Hal tersebut dikarenakan, konsumen lebih tertarik untuk membeli daging lokal daripada daging impor yang menurut mereka tidak begitu jelas kualitas dagingnya.
Zaini, distributor daging di Pasar Firdaus Jalan Mandala Medan mengatakan, walau harga yang ditawarkan daging impor lebih murah dibandingkan daging lokal, tidak membuat minat pembeli meningkat.
Pasalnya, kualitas daging impor tidak sebagus daging lokal yang ada di pasaran saat ini. Tidak hanya itu, ia mengungkapkan, kekhawatiran pembeli, terutama umat Islam adalah pada proses pemotongannya.
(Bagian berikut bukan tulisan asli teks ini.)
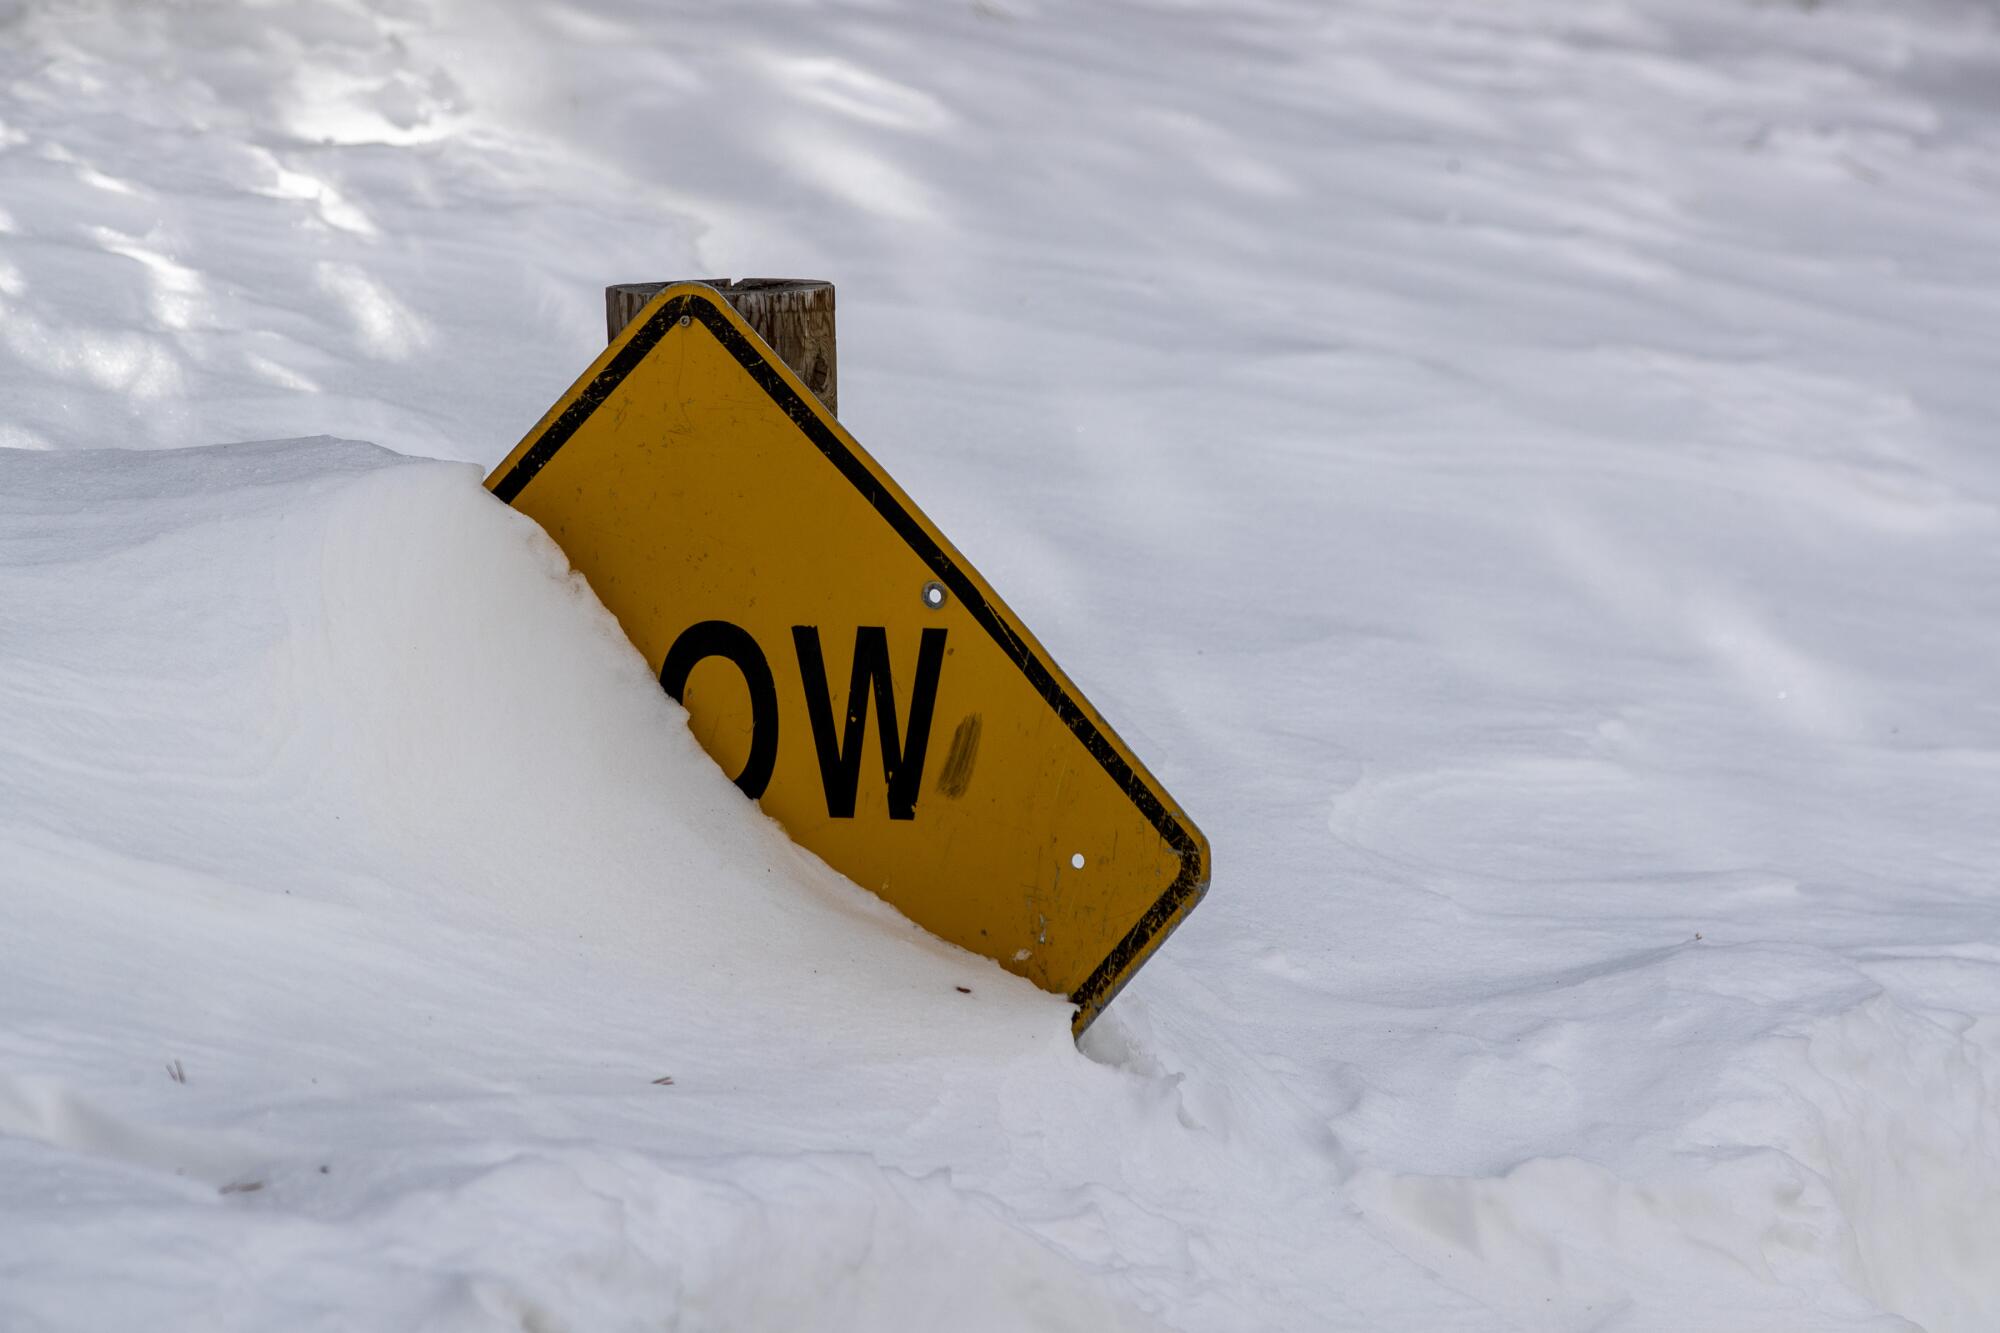 A "Slow" road sign buried in snow

Zaini menuturkan, saat ini harga daging impor masih dalam kisaran harga Rp 55 ribu hingga Rp 60 ribu per kilogram. Sementara harga daging lokal masih Rp 90 ribu perkilogram.
"Walaupun harganya murah, masyarakat kita masih membeli daging lokal karena bagi prinsip mereka, lebih baik membeli daging lokal dengan harga yang mahal, namun kualitas terjamin. Konsumen kan membeli daging tidak begitu sering, ada yang setahun sekali, jadi mereka lebih baik bayar mahal, daripada beli daging murah dengan kualitas yang belum terjamin juga, " jelasnya.
Mahmud pedagang daging lainnya di Pasar Simpang Limun Medan juga mengatakan hal yang sama. Banyak pembeli yang tidak berminat untuk membeli daging impor. Selama bulan puasa ini diakuinya belum ada pembeli yang mencari daging impor.